Kaiser Permanente, the country's largest health maintenance organization and one that is often held out as a model for President Clinton's health care reform, is coming under attack by critics who say it doesn't provide enough care to poor people to justify its tax-exempt status.

The not-for-profit Kaiser Permanente has been praised for its financial strength while providing health care to large populations through a managed care system. Managed care organizations such as HMOs are touted by many specialists as the way to provide quality care while curbing costs.

But in recent months, California officials and congressional investigators have questioned Kaiser's management, citing the increasing cost of its membership dues and what they characterize as a less-than-adequate role in poor communities despite record income.

Kaiser defends its record, saying it contributes more than $140 million to the community, and $100 million more in free service to the poor.

The criticism comes as the Internal Revenue Service and several states, including California and Texas, are stepping up their scrutiny of nonprofit HMOs, hospitals and other health care providers, and in many cases threatening to revoke their tax-exempt status.

Kaiser ranked first among the nation's 20 largest not-for-profit health care systems, but last in amount of free care provided to the poor, according to a recent survey by Modern Healthcare magazine.
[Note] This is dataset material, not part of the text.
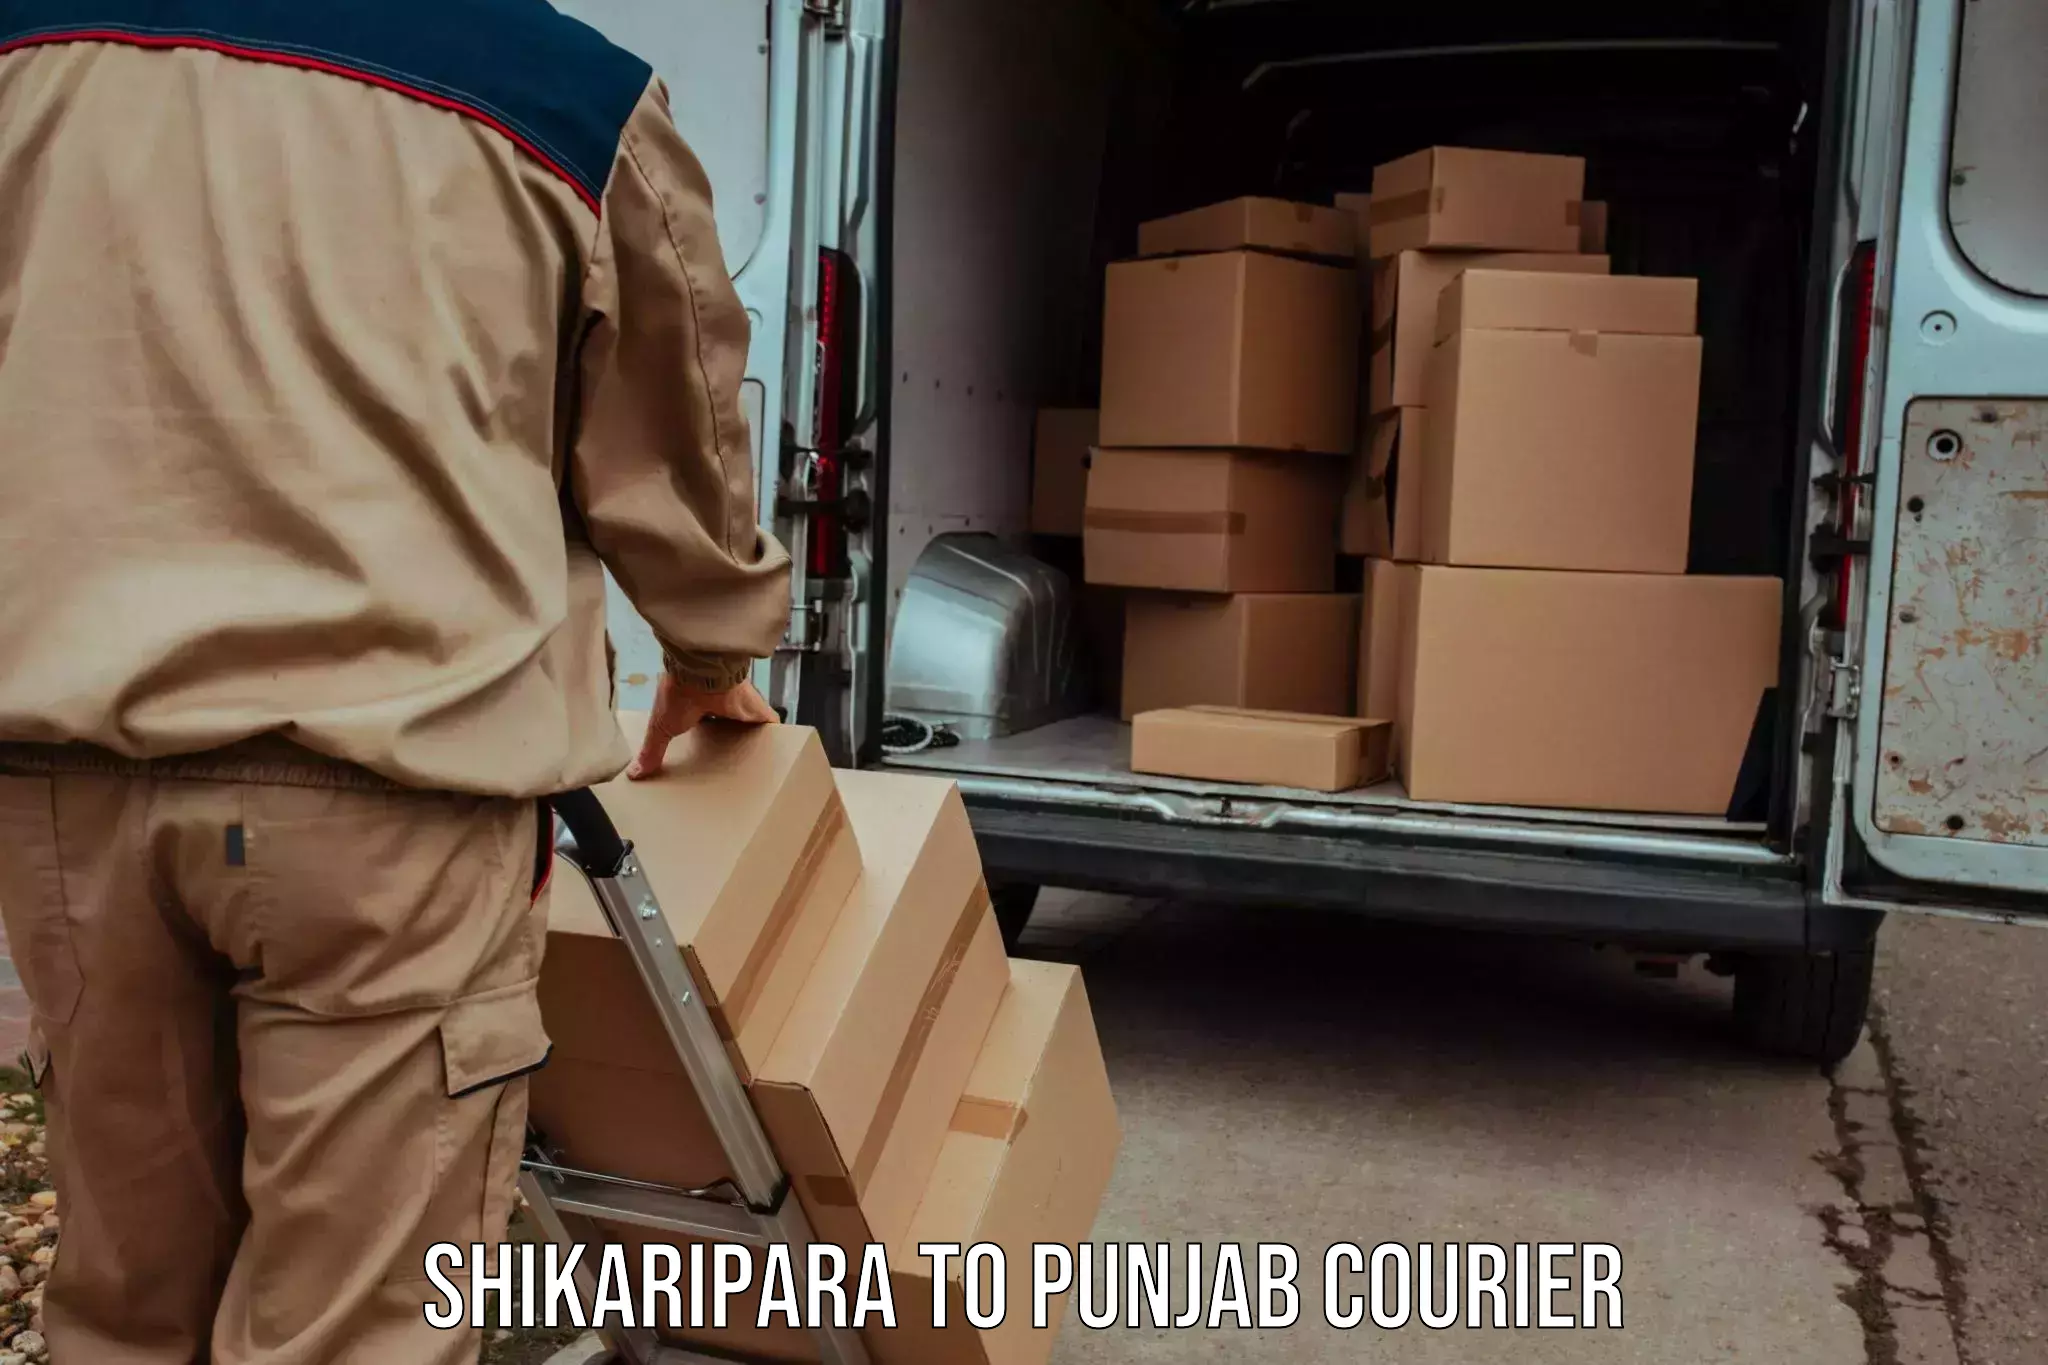 Regular parcel service Shikaripara to Sangrur

At the same time, the cost of joining the HMO in California has risen steadily, making it by Kaiser's own account among the most expensive HMOs in California.

"If you receive tax-exempt status from the public, you should be providing health care services at least equal to the value of that status. If not, maybe you should lose it," said California Assemblyman Johan Klehs (D), chairman of the assembly's tax committee.

In 1992, Kaiser had net income of $796 million on revenue of $11 billion. It serves 6.6 million people, 4.7 million of them in California, the rest in 16 states, including Maryland and Virginia, and in the District.

Today, a subcommitte of the House Energy and Commerce Committe, chaired by Rep. John D. Dingell (D-Mich.), will question Kaiser officials in the first of several hearings that are scheduled to examine not-for-profit HMOs and hospitals.

Earlier this year, Kaiser's record among the poor was questioned by the California agency that authorizes not-for-profit health groups to issue tax-exempt bonds. The agency forced Kaiser to step up services to poor people, through advertising and other means, before allowing the HMO to issue $220 million in bonds.

The California agency that oversees the state's health care program for the poor also has criticized Kaiser, writing that the HMO's service to the poor was not "proportionate to their market strength or penetration."

Kaiser also has come under tough criticism from the Service Employees International Union in Los Angeles, which is locked in a labor dispute with the HMO. The union has been asking California legislators, congressional investigators and anyone else who will listen whether Kaiser deserves its tax-exempt status given its track record in community service. Kaiser discounts the union's criticism as a negotiating tactic.